Марыню восторги Свирского смутили и одновременно обрадовали: внутренний голос подтверждал ей, что он прав. Но не до того было: предстояло заняться гостями и церемонией, тем более что началось с небольшой заминки. Восприемниками маленького Стася были пани Эмилия с Бигелем и Стефания Ратковская со Свирским. И последний стал вдруг уклоняться от этой чести, отговариваясь неизвестно почему. «Я бы с удовольствием, недаром же я ради этого из Италии приехал… Как же! Был такой уговор. Но я никогда не крестил детей и не знаю, принесет ли это счастье моему крестнику, особенно у женщин». Поланецкий засмеялся, назвав его суеверным итальянцем, а пани Марыня, еще раньше смекнувшая, в чем дело, отошла с ним к окну.
– Ко второй паре кумовьев это не относится, – сказала она Свирскому вполголоса, – и вам не помешает.
Свирский вскинул на нее глаза и улыбнулся, показывая два ряда крепких мелких зубов.

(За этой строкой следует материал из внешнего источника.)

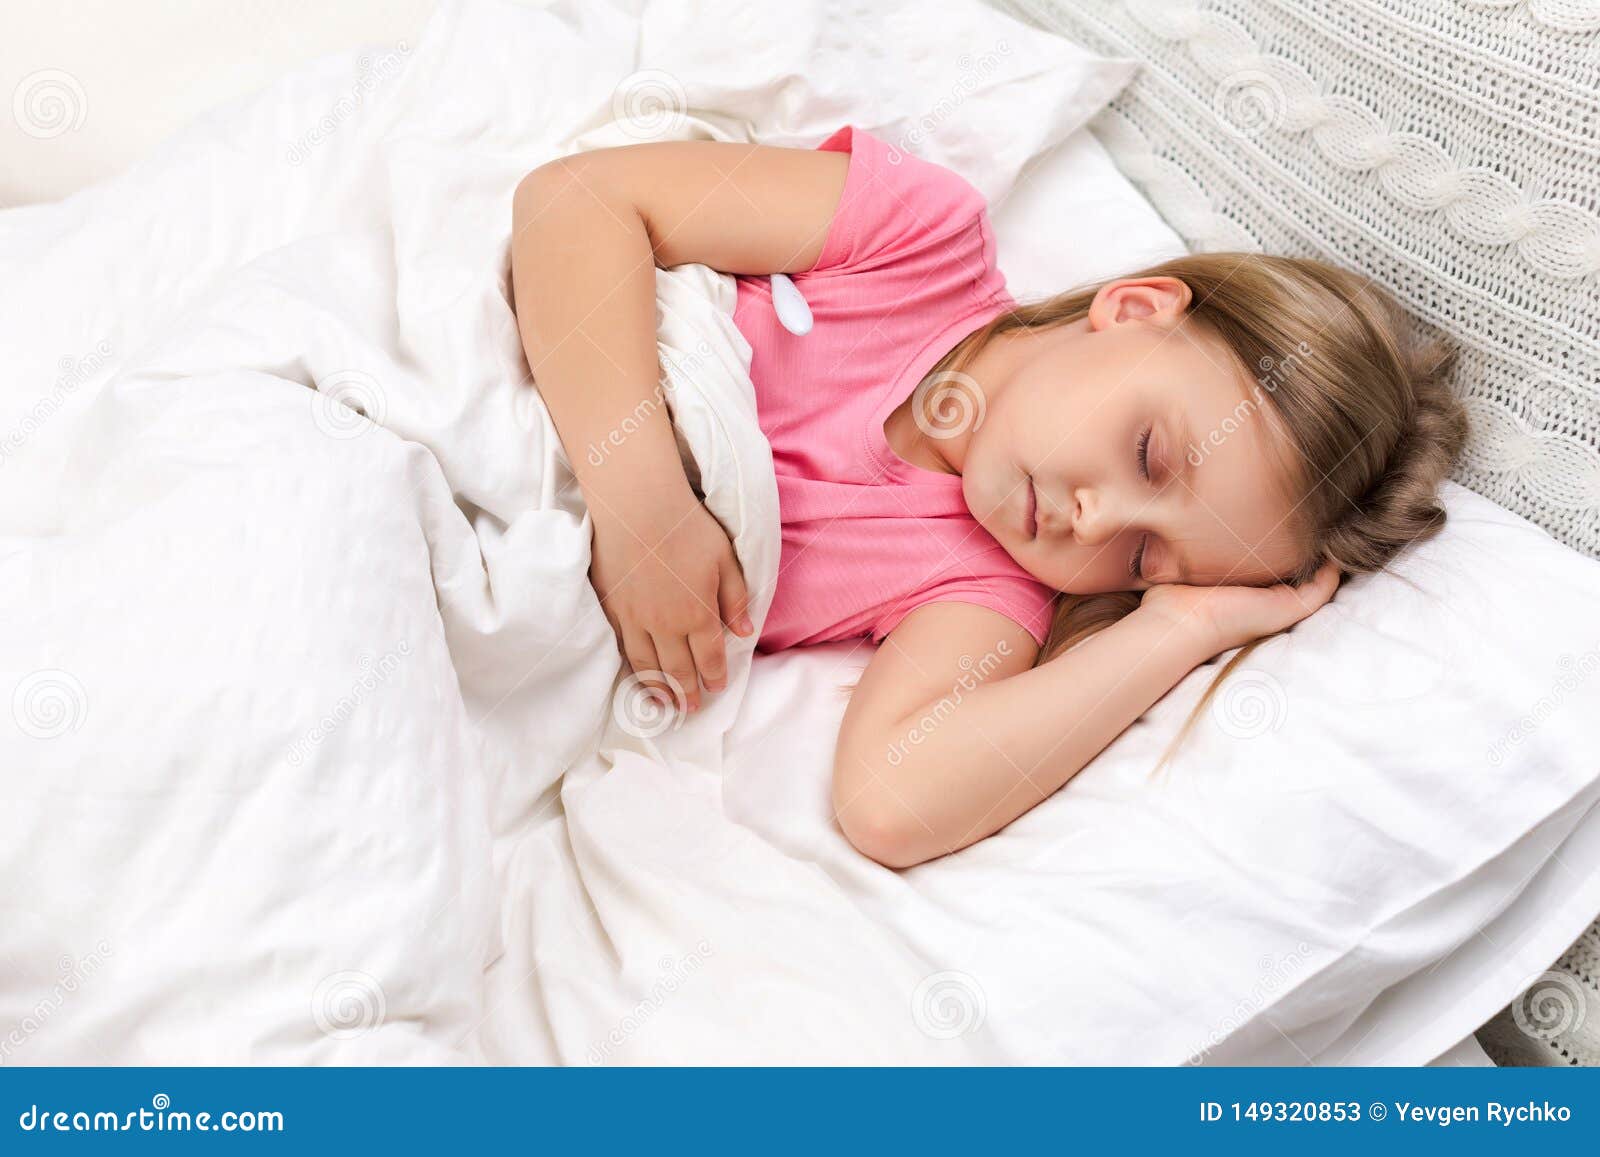 Sick Little Girl Lying in Bed with Thermometer Stock Image - Image of ...

– Верно, – обратился он к Стефании, – мы ведь во второй паре… Тогда я к вашим услугам!
Все обступили маленького Стася; на руках у няни, весь в кружевах и муслине, с лысой головенкой и круглыми, вытаращенными глазенками, в которых окружающее отражалось, как в зеркале, он выглядел преотлично. Бигель взял его на руки, и обряд начался.

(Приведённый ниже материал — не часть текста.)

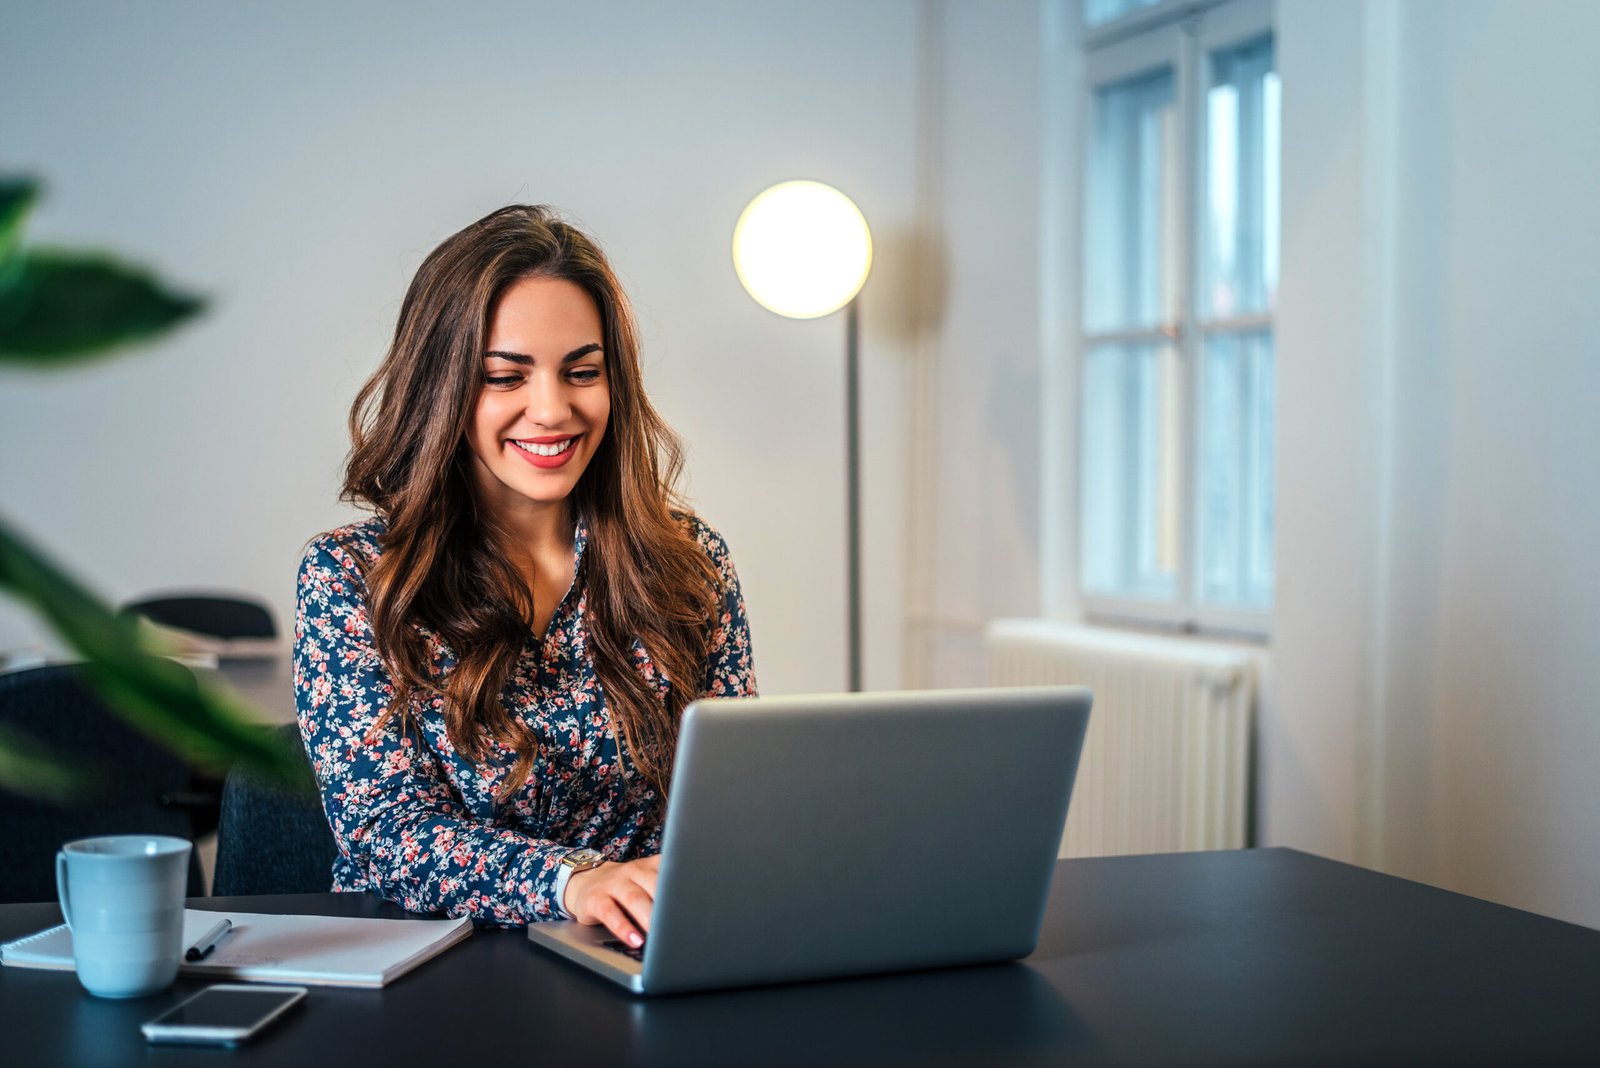 Cheerful woman using laptop at workplace.

Собравшиеся с подобающим вниманием слушали торжественные слова священника, но юный язычник проявил удивленное непокорство. Сначала вырывался из рук так отчаянно, что Бигель едва не выронил его, а когда тот от его имени стал отрекаться от нечистого и козней его, сделал все от него зависящее, чтобы перекричать своего восприемника. И лишь увидев у него на носу очки, умолк, как бы давая понять: мол, если такие замысловатые вещи на свете есть, тогда дело другое.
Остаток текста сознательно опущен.